Summary
holding credible evidence supported commission's finding that job search efforts were reasonable where "claimant's list of employers . . . [was] not an extensive record for marketing efforts" but commission observed that claimant "[could] read and write at only a second or third grade level"
Summary of this case from Norfolk Shipbdg. v.
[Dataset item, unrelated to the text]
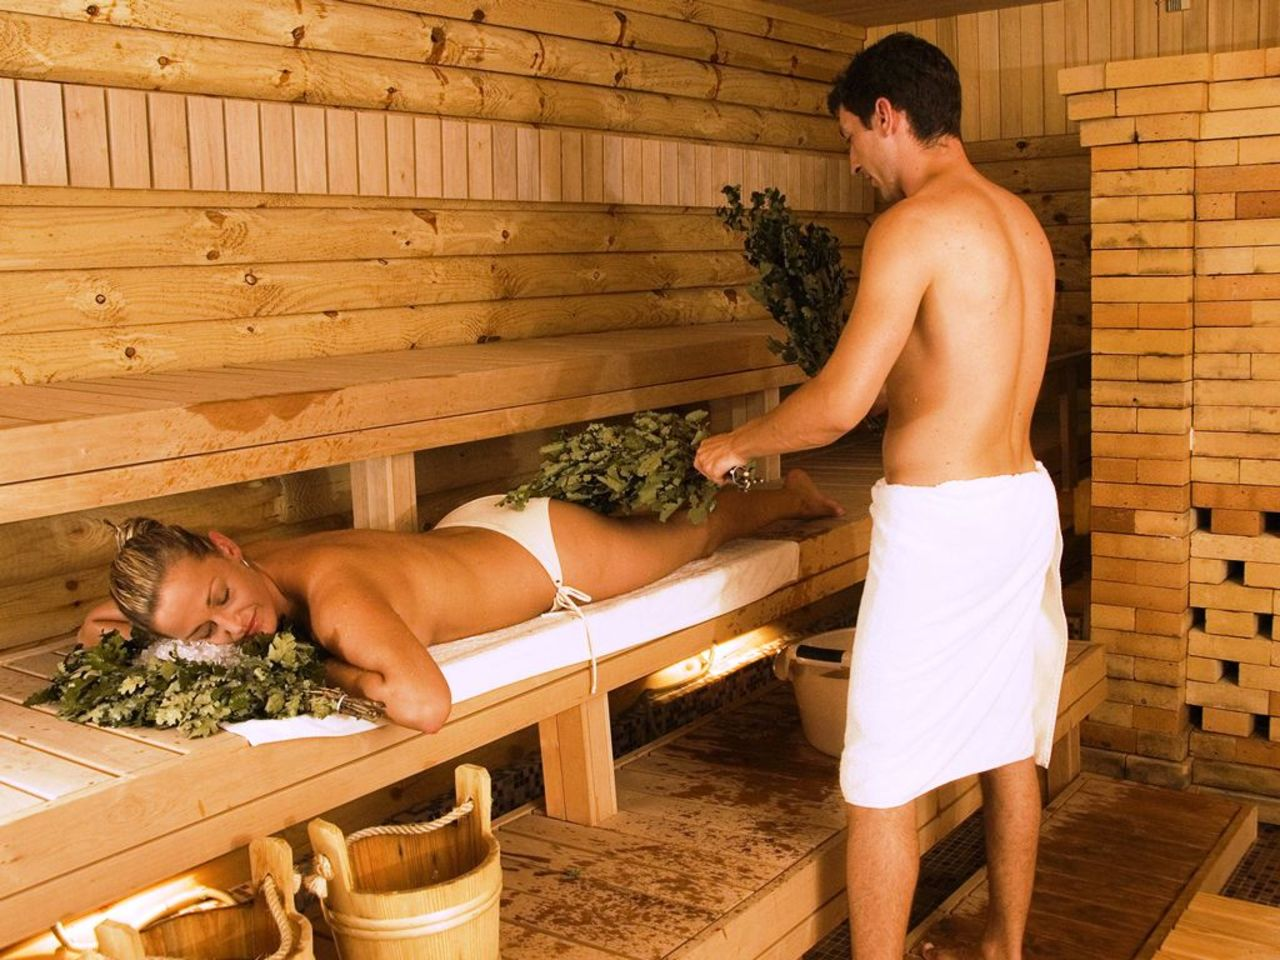 parni-v-saune-s-devkami

McClearyOpinion
Record No. 2573-94-1.
May 14, 1996.
Appeal from the Workers' Compensation Commission.
F. Nash Bilisoly (Susan B. Potter; Vandeventer, Black, Meredith Martin, on brief), Norfolk, for appellant.
John H. Klein (Rutter Montagna, on brief), Norfolk, for appellee.
Present: BAKER, WILLIS and BRAY, JJ.
Virginia International Terminals, Inc. (employer) appeals from the decision of the Workers' Compensation Commission (commission) that affirmed the deputy commissioner's award of benefits to Melvin C. Moore, Jr. (claimant). Employer presents three questions: (1) whether there was sufficient evidence for the commission to find that claimant was disabled as of September 1, 1990, and that he made reasonable efforts to market his remaining work capacity; (2) whether claimant's claim is barred by the statutes of limitations embodied in Code §§ 65.1-56 and 65.1-99; and (3) whether employer is entitled to a credit for the total dollar amount paid under the Federal Longshore and Harbor Workers' Compensation Act (LHWCA).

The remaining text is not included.